When the United States has an economic sneeze, the rest of the world tends to catch at least some of the cold.
This is partially why the property market meltdown within the world’s largest market has had analysts all over the world worried. Now it appears as if the worry has increased to the point where a recent Reuters study shows that there is a 45% chance of the United States economy going into a recession.
Recessions tend to hit property markets hard because of the high-end cost of even the cheapest lodgings relative to the other industries in a typical market economy, but in this particular tale, it appears as if there is light at the end of the tunnel. That light comes in the form of increased investment in international property that is expected to come from oil-rich countries inhabiting the gulf coast.
Many Gulf States already have exploding property markets domestically, but another thing about native gulf investors is that in recent years, they have started to branch out and invest in foreign property markets, creating additional demand for those markets and additional liquidity. These tend to combine to create strength in areas that might not have had it otherwise.

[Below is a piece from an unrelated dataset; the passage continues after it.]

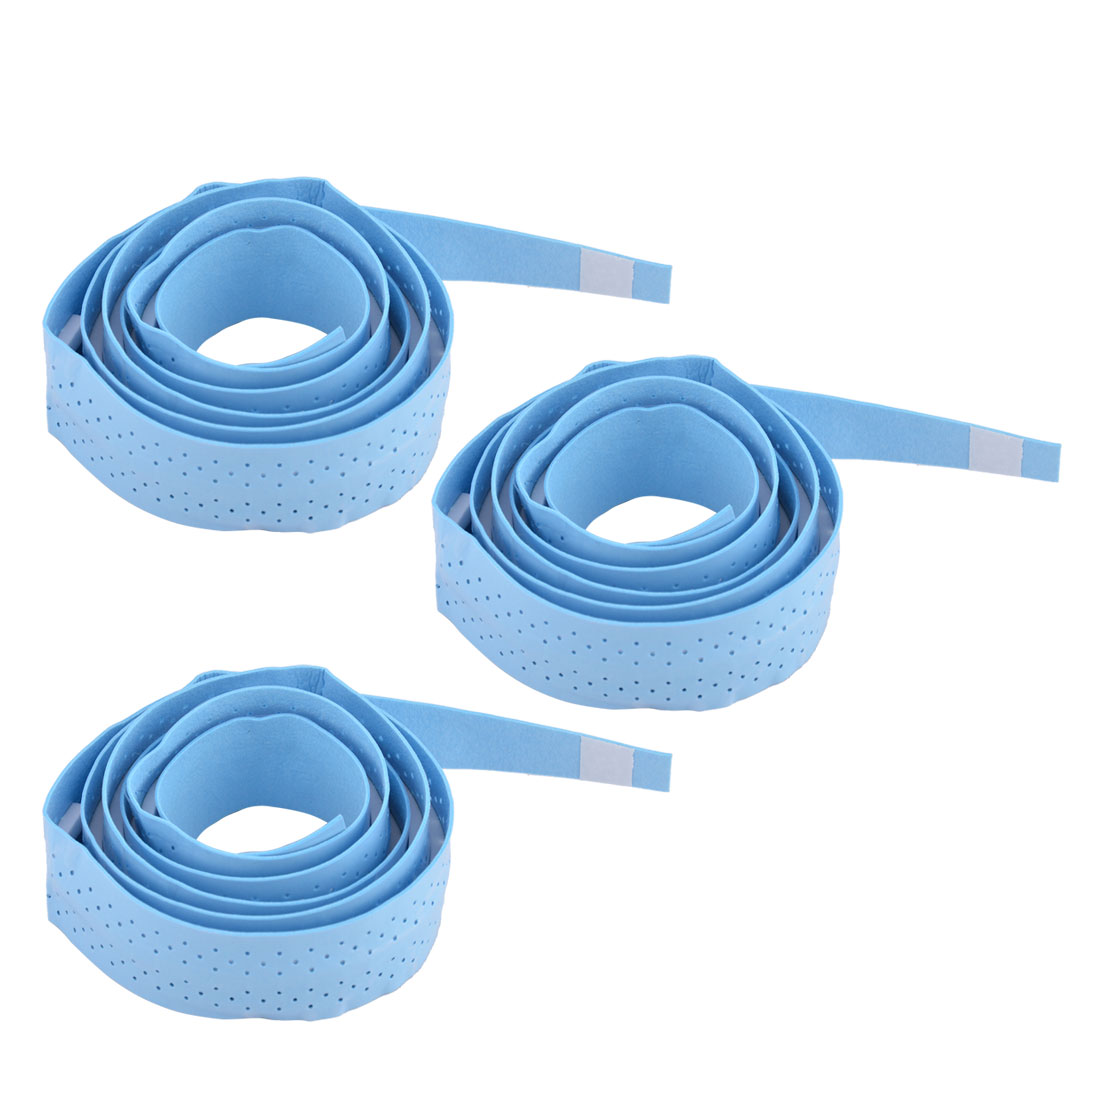 Badminton Foam Nonslip Racket Sweat Absorbing Wrap Over Grip Tape Blue 3 Pcs

In 2008, it is expected that these international real estate investments will increase by at least 50%.
This is ultimately very good news for property markets in general as it means two very specific things. It means that demand will start to increase in the international property market in 2008 by significant amounts, and it also means that a gigantic amount of liquidity will be injected into the system in the form of money coming from Gulf investors. Both of these things bode well for an international market that has been reeling from events in 2007.